As each week passed, my vision and sense of what it means to be a teacher began to develop. Although I rarely understood cause and effect in the moment, the next six months in the company of those high school sophomores and juniors helped me lay a foundation for what we often call classroom management.
Here are the lessons I learned.
See, Hear, Value, and Accept Each Student as an Individual: Effective "classroom management" and effective teaching begin with a teacher who is, to a significant degree, smitten with the students as individual human beings and relishes the opportunity to make a difference in their lives. Young people need to feel seen, heard, accepted, and valued. They experience learning in a far more motivating context when they see that their teacher wants to teach them important things than when they conclude that the teacher is largely about teaching content and that their presence in the classroom is secondary. This caring is the foundation of trust between students and teachers and thus the foundation of effective classroom management and effective teaching.
Structure the Class in Service of Learning: Learning requires structure and order, but the structure and order should be in service of learning—not for the sake of demonstrating who’s in charge. If the first day of school is about going over classroom procedures and listening to the consequences of violating them, students will find it difficult to feel that the environment is safe and welcoming or that the teacher finds them trustworthy. Young people, like all of us, need structure in their lives but how and why teachers go about establishing that order makes a great difference.
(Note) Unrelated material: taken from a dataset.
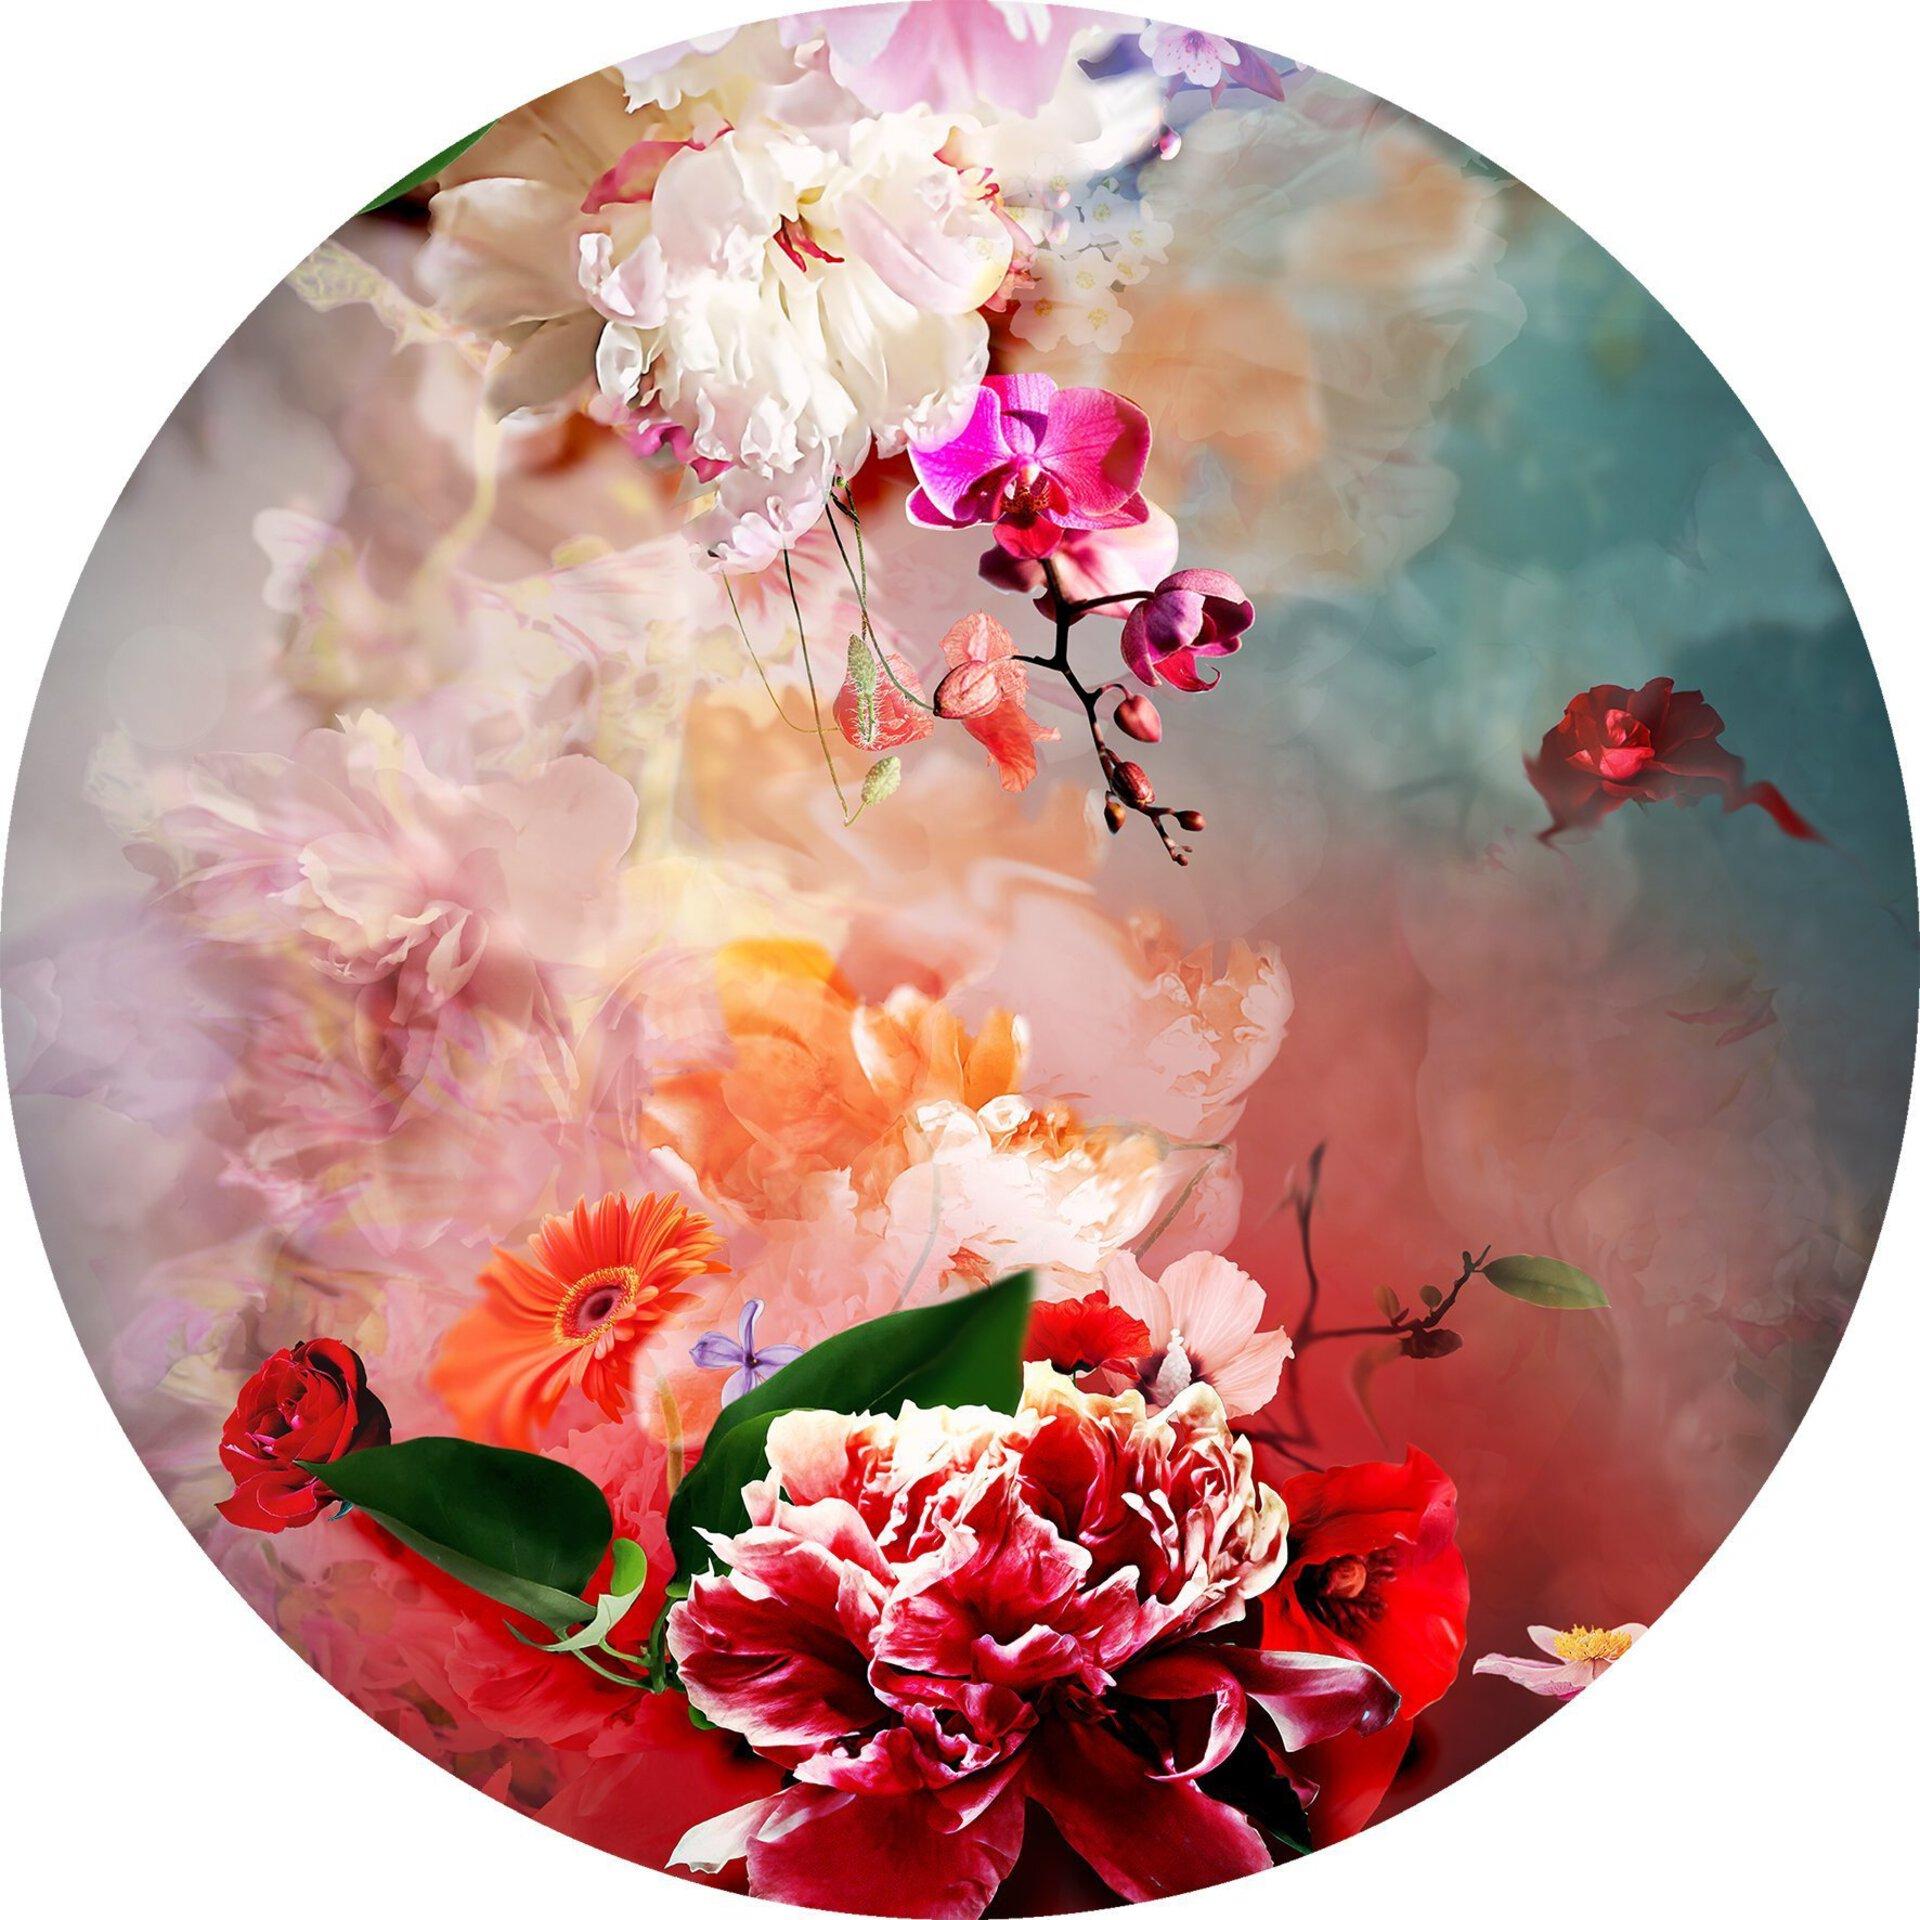 Bild Colourful Baroque Flowermix III Pro-Art Glas mehrfarbig 30 x 30 x 1 cm

Effective Teaching Naturally Leads to Effective Classroom Management: Effective classroom management is not a separate entity from effective teaching. If “what” we teach and “how” we teach are lively, varied, sometimes surprising, often joyful and meaningful, both teachers and learners are largely relieved from the burdens implicit in teacher-student power struggles.
Plan Proactively for When Lessons Go South: When we plan proactively for predictable classroom malfunctions, both we and our students are likely to be able to respond in ways that prevent derailments or at least maintain the dignity of those involved. We eliminate many, if not most, of the reasons students act out when we have a plan for when a lesson goes awry, when students get restless, whether to address (or ignore) minor or more significant behavioral issues, when lessons are just a bit briefer than the general attention span in a class, or when the work we ask students to do is neither consistently too difficult nor consistently too simple for their various points of entry into the work.
Humanizing the Classroom: I still dream about having a chance to reteach that year. There are so many things I would change. And yet, I never again saw the unruly, trash-talking, defiant teens with whom I spent the last day in my adult life when I was not technically a teacher. Perhaps the most important lesson they taught me was that effective "classroom management"—and, in fact, the better part of effective teaching—pivots on humanizing the classroom.